Angiopoietin-like protein 2 deficiency promotes periodontal inflammation and alveolar bone loss.

Abstract

Human periodontitis is a highly prevalent inflammatory disease that leads to connective tissue degradation, alveolar bone resorption, and tooth loss. Angiopoietin-like 2 (ANGPTL2) regulates chronic inflammation in various diseases and is functionally involved in maintaining tissue homeostasis and promoting tissue regeneration, but there is limited information about its function in periodontitis. Here we investigated the expression and explicit role of ANGPTL2 in periodontitis. Immunohistochemistry and quantitative real-time PCR (qRT-PCR) were used to detect the ANGPTL2 expression in periodontal tissues and periodontal ligament cells (PDLCs). A ligature-induced periodontitis model was generated in wild-type and ANGPTL2 knockout mice. qRT-PCR and enzyme-linked immunosorbent assay were used to assess the production of inflammatory cytokines and matrix metalloproteinases (MMPs) in cultured PDLCs. Western blot was performed to detect proteins in relevant signaling pathways. Increased ANGPTL2 expression was observed in inflamed periodontal tissues and PDLCs. ANGPTL2 deficiency promoted alveolar bone loss with enhanced osteoclastogenesis and inflammatory reactions in ligature-induced periodontitis.
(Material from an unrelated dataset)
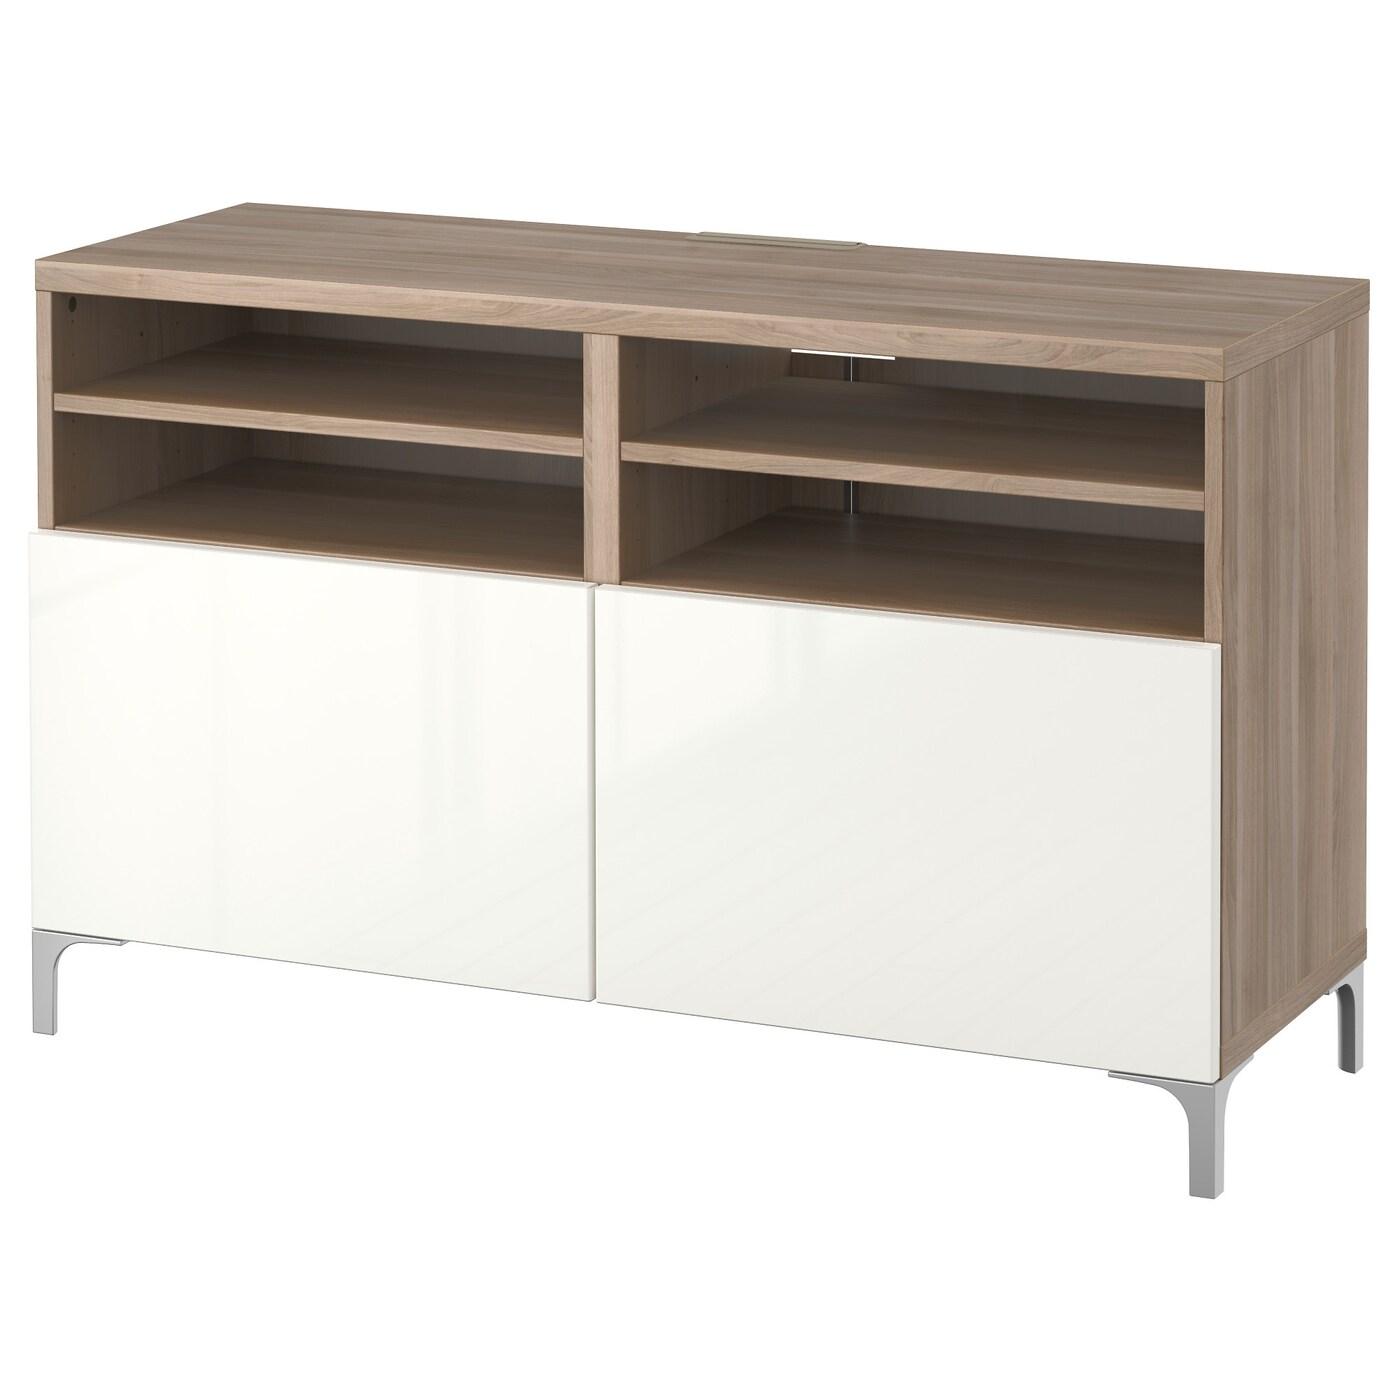 Best mueble tv con almacenaje efecto nogal tinte gris for Mueble salon blanco ikea

Downregulation of ANGPTL2 remarkably enhanced expression levels of interleukin (IL)-6, IL-8, MMP1, and MMP13 in Porphyromonas gingivalis lipopolysaccharide-induced PDLCs, whereas ANGPTL2-overexpressing PDLCs showed opposite trends. ANGPTL2 downregulation activated STAT3 and nuclear factor-κB pathways and blocked Akt signaling under inflammatory environment. Treatment with a STAT3 inhibitor partially suppressed the inflammatory reaction of PDLCs mediated by ANGPTL2 knockdown. Our study provides the first evidence of an anti-inflammatory effect of ANGPTL2 in murine periodontitis. The findings demonstrate the critical and protective role of ANGPTL2 in alveolar bone loss and periodontal inflammation.